When the guests gather around the piano, Rose’s stage fright overcomes her, requiring red- faced apologies. Phil shows up late, begrimed and work worn, declining to shake hands or socialize “because I stink.”

Although scruffy, dirty Phil had earned an honors degree at Yale, but he has transformed himself into someone who parades his dirtiness and mocks social convention and its niceties.  The ideal that shaped that transformation was Phil’s mentor, Bronco. This tension between social convention and a rejection of it is a central theme.

Phil decides to teach Peter to ride and lures him into explorations of the mountains. The counterpoint to this development is Rose’s slide into alcoholism fueled by her feelings of social inadequacy and fear of losing her son to Phil.

During one of their mountain excursions Phil tells Peter that Bronco saved his life in a bitter winter storm by warming his body with his own. Though Phil avoids the question of whether they were naked together, Peter has discovered a trove of male nude photos belonging to Bronco. Peter responds to Phil’s story by confession that as a young boy, he had discovered his father having hanged himself, and had to cut the body down.

Their mentoring relationship feeds Phil’s decision to fashion a braided rawhide lariat for Peter, who supplies him with rawhide for the project. Unknown to Phil, the hide came from a steer that had died of anthrax.
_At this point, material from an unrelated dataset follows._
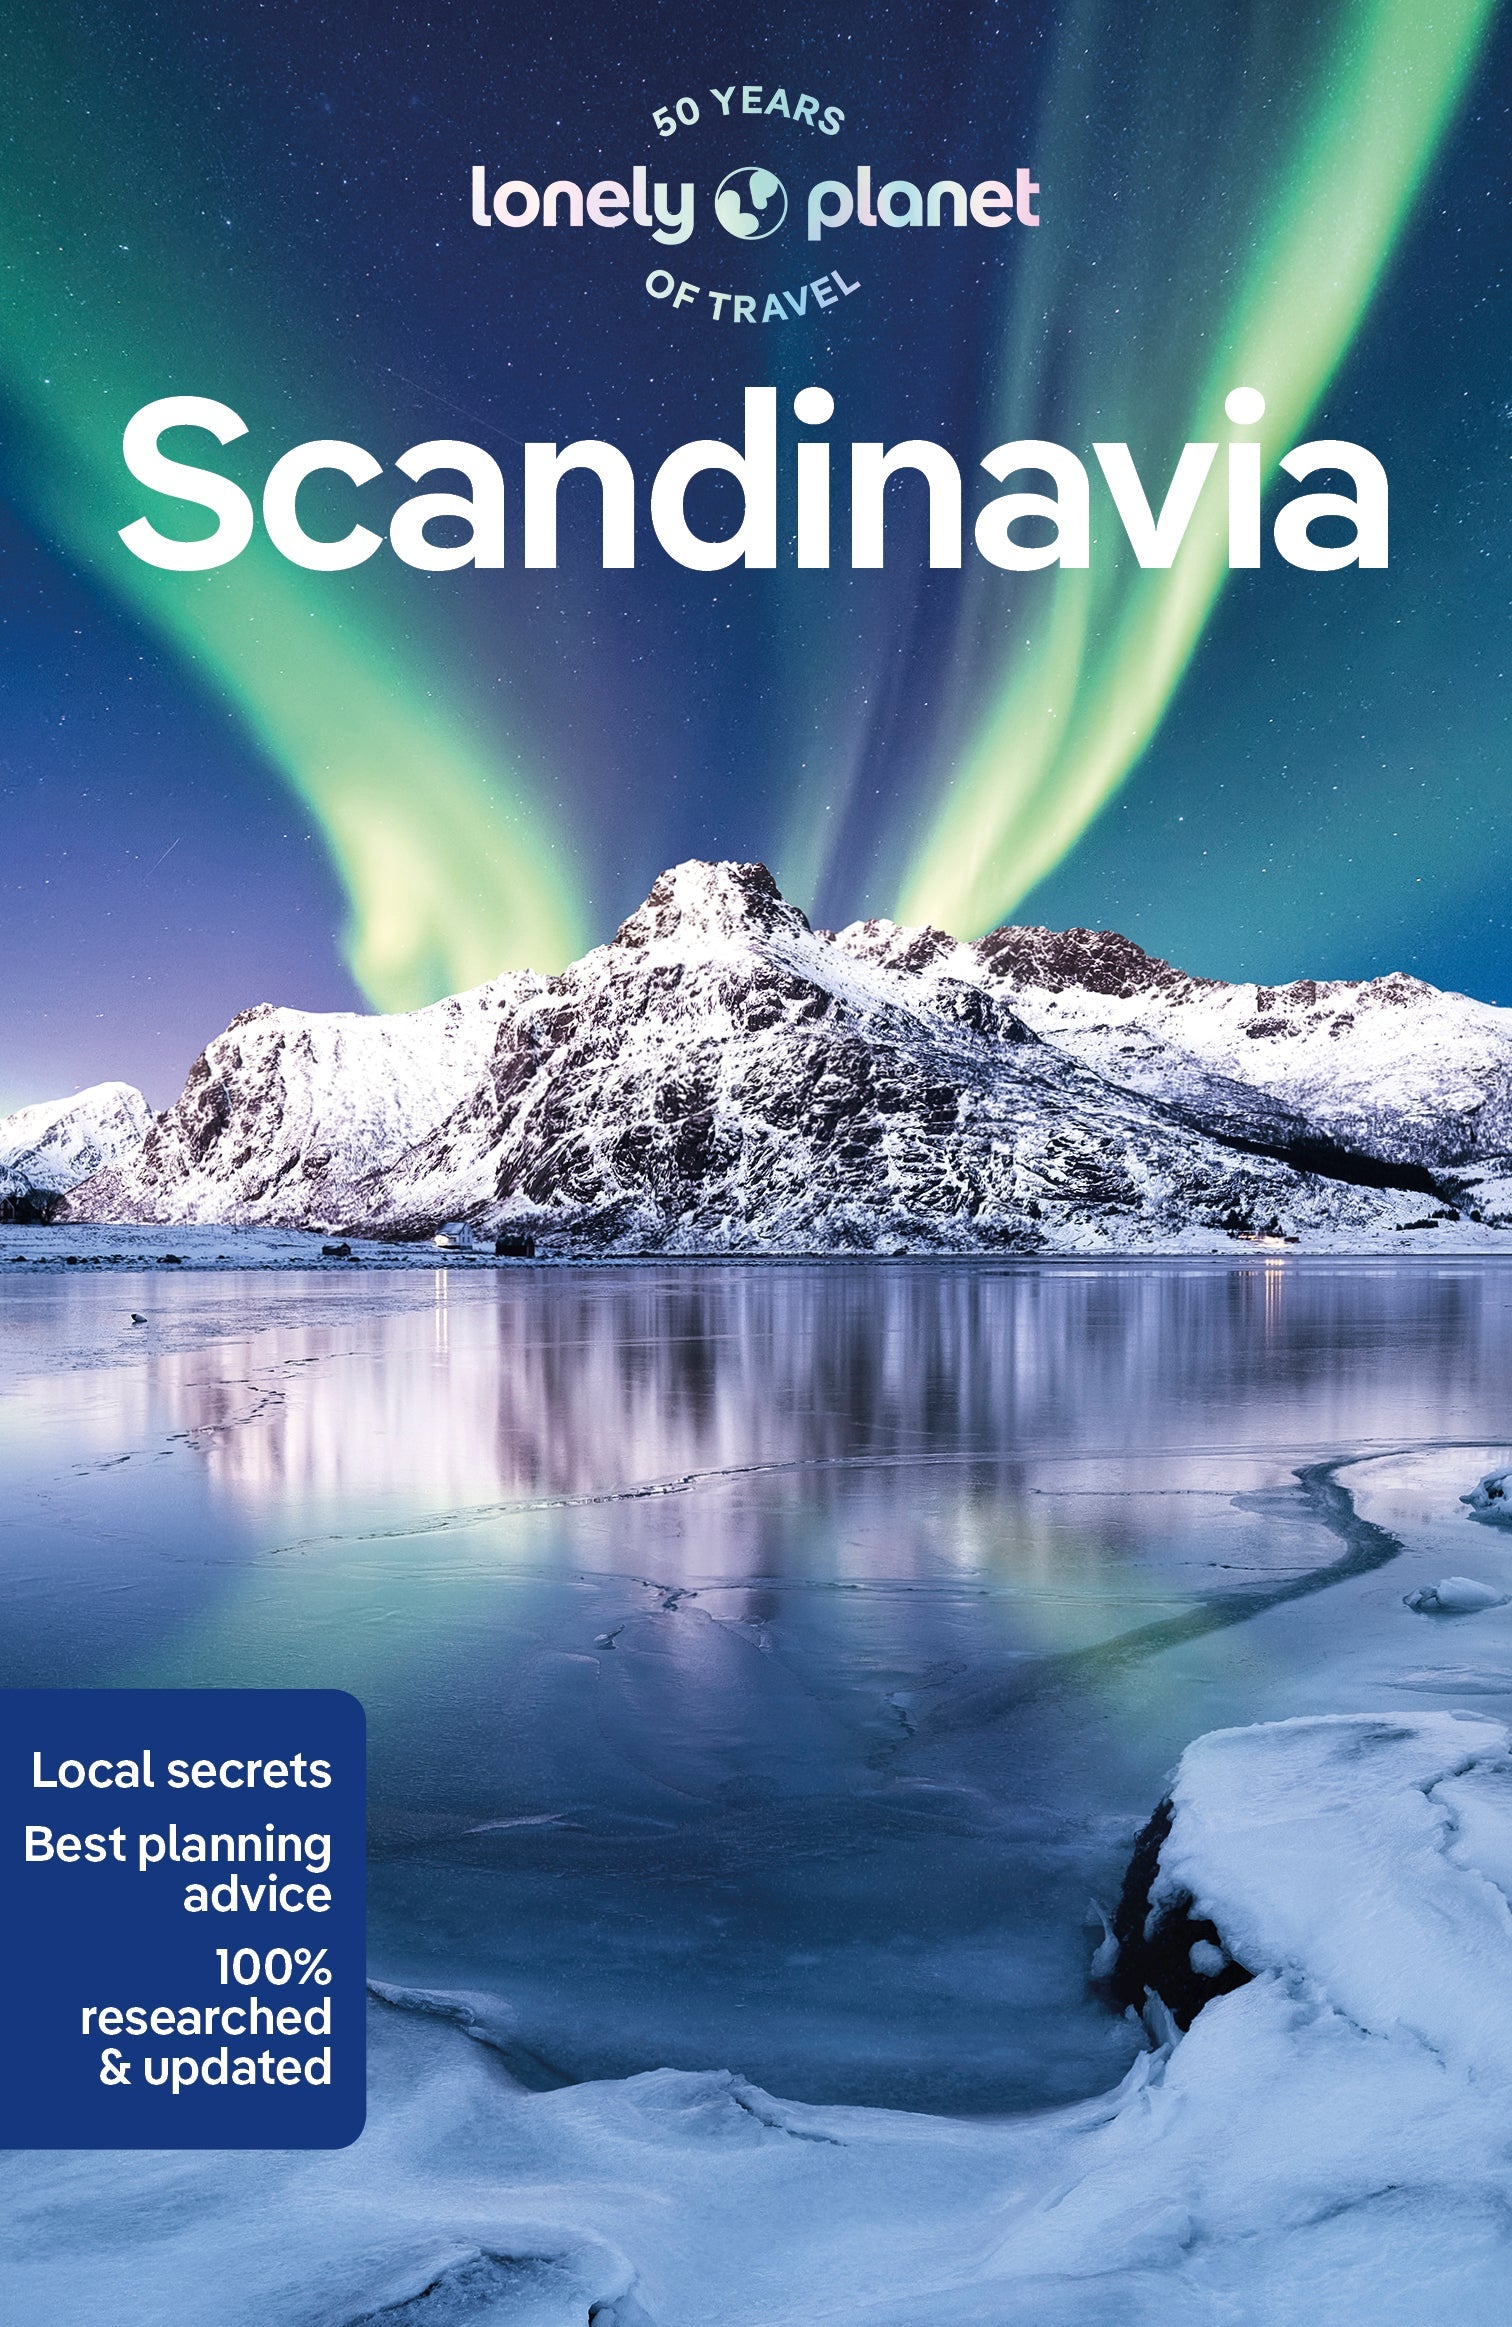 Ebook　Scandinavia　Book　Travel　and

Phil dies of the infection, suffering, the doctor tells the family, dreadful pain and convulsions at the end. We see Phil’s face being carefully shaved and his body dressed in a conventional suit for his burial, finally conforming to social convention.
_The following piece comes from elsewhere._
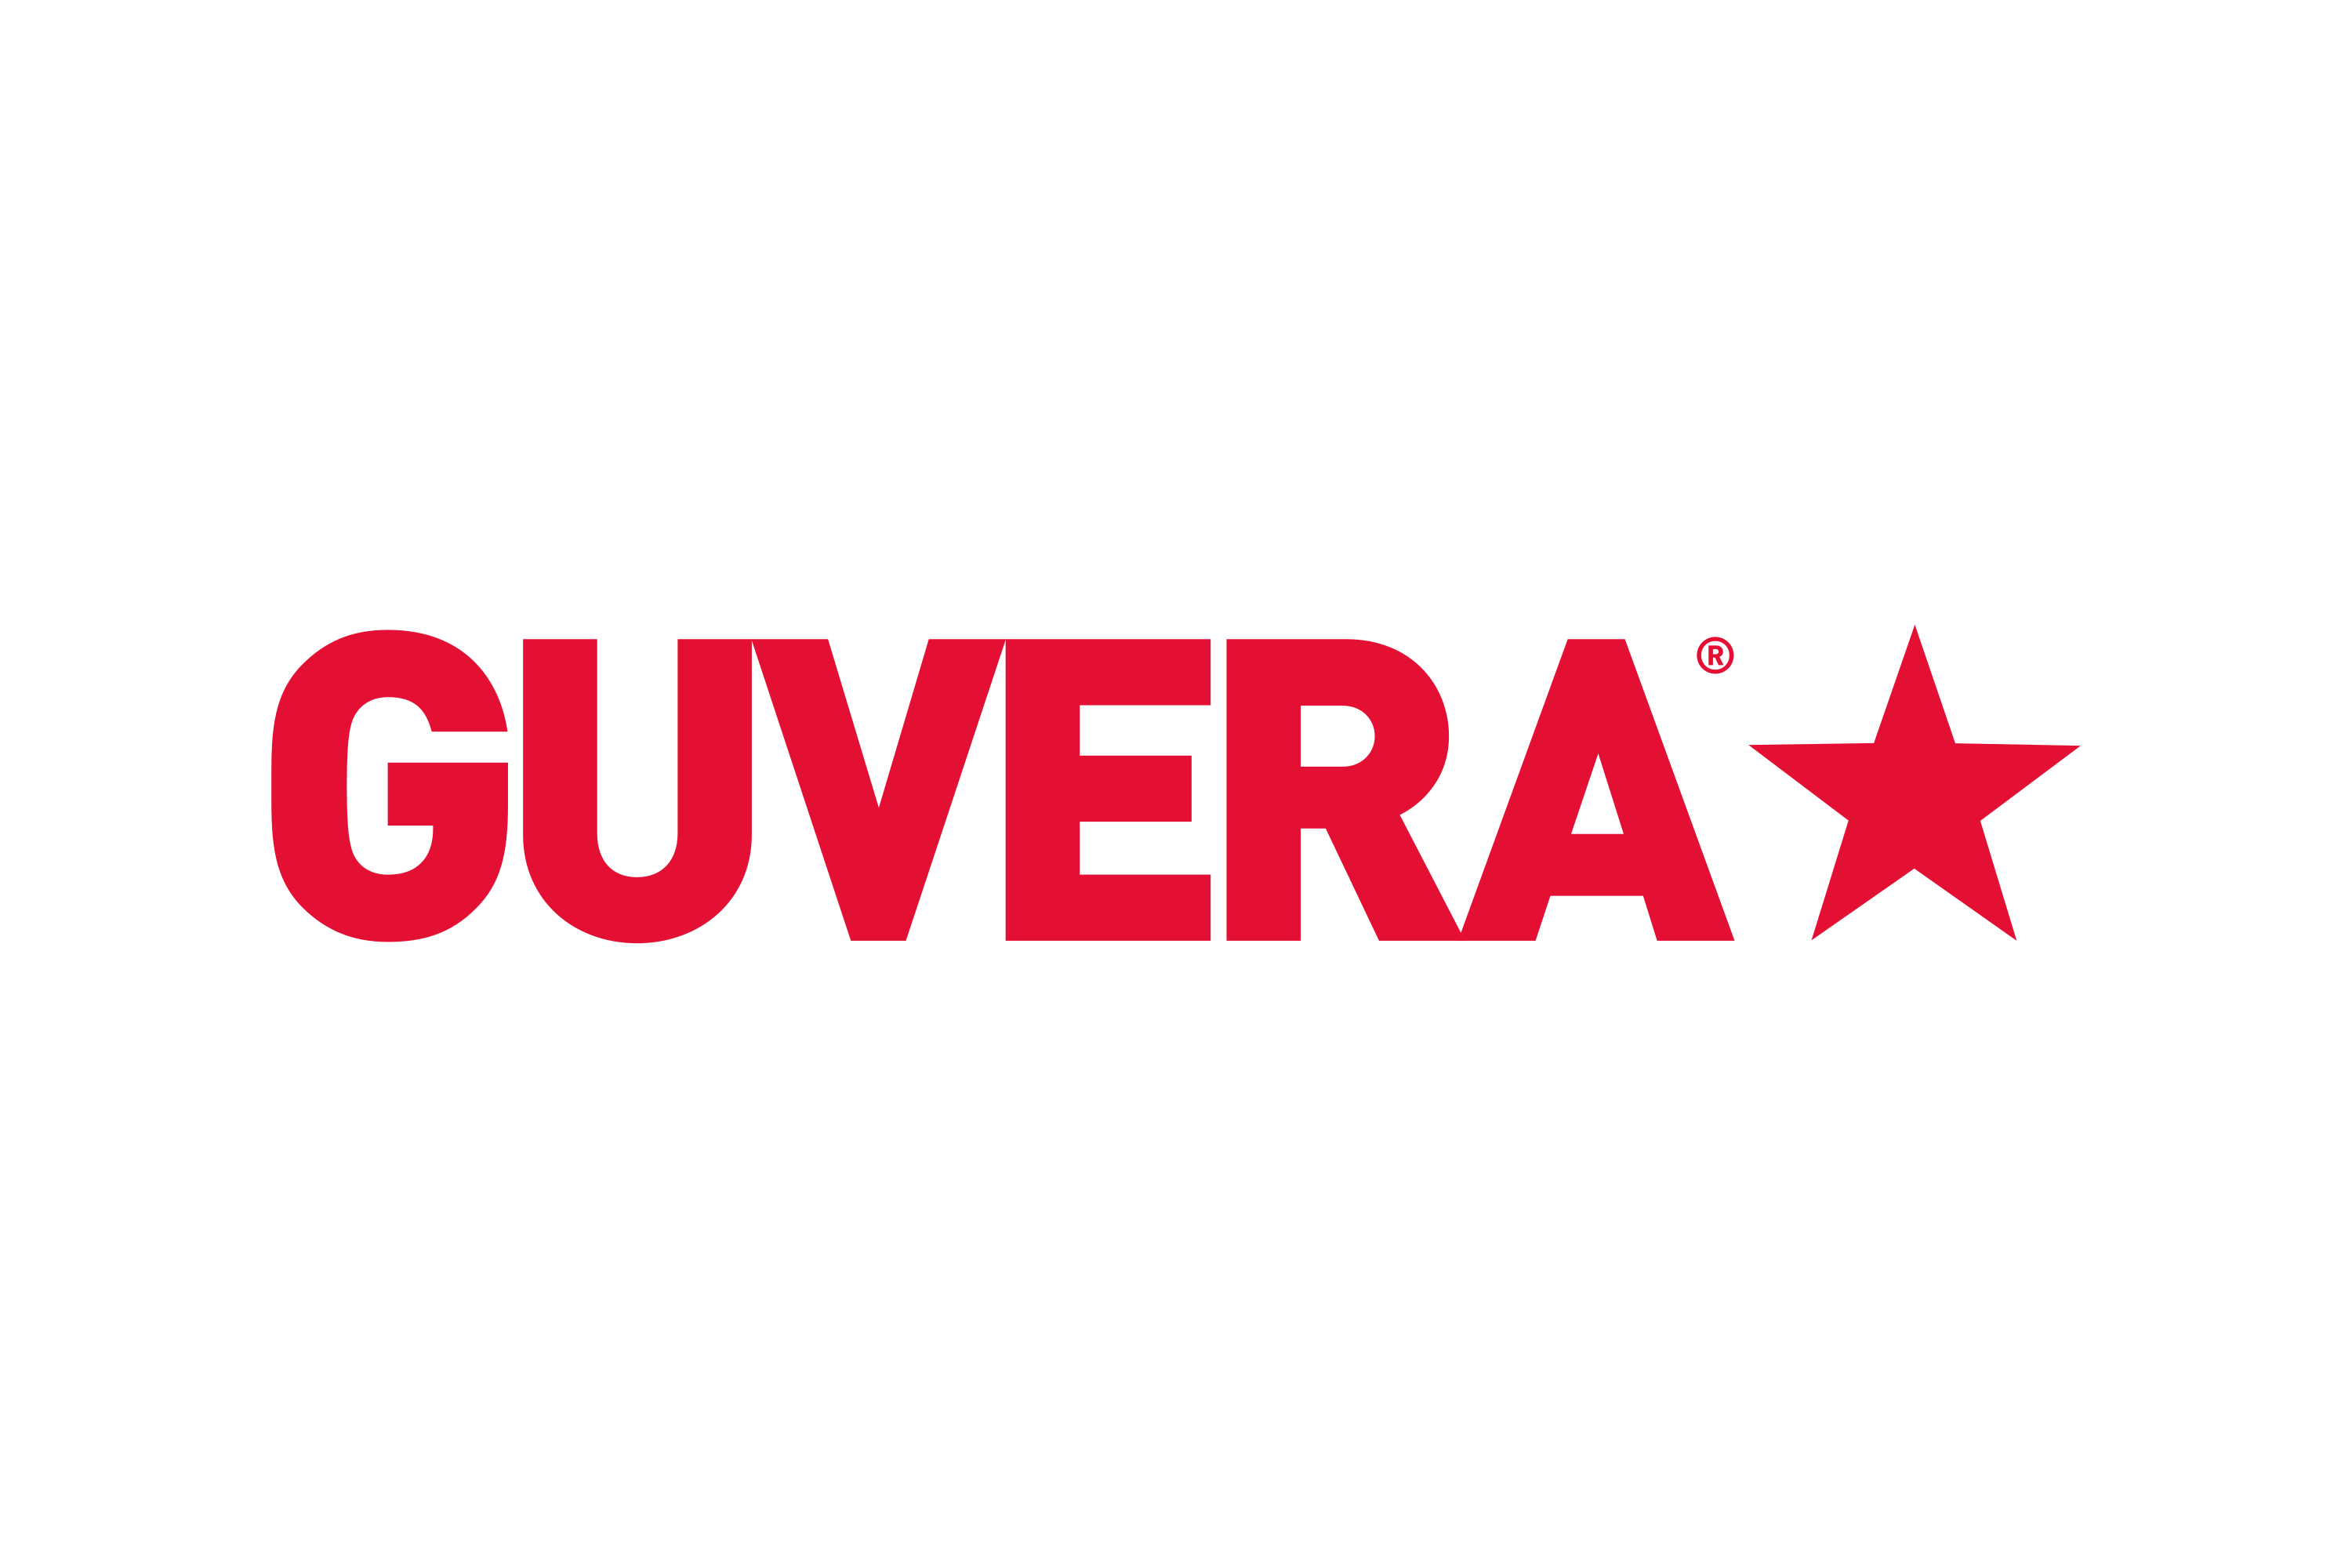 Download Guvera Logo in SVG Vector or PNG File Format - Logo.wine

Peter does not attend the funeral. He has acquired the lethal lariat. Carefully avoiding its touch, he hides it under his bed. He reads, aloud, Psalm 22:20: “Deliver my soul from the sword; my darling from the power of the dog.” The film closes with Peter looking through his window, watching his mother and stepfather embrace, leaving the audience to ponder his motivations and the meaning of his recitation.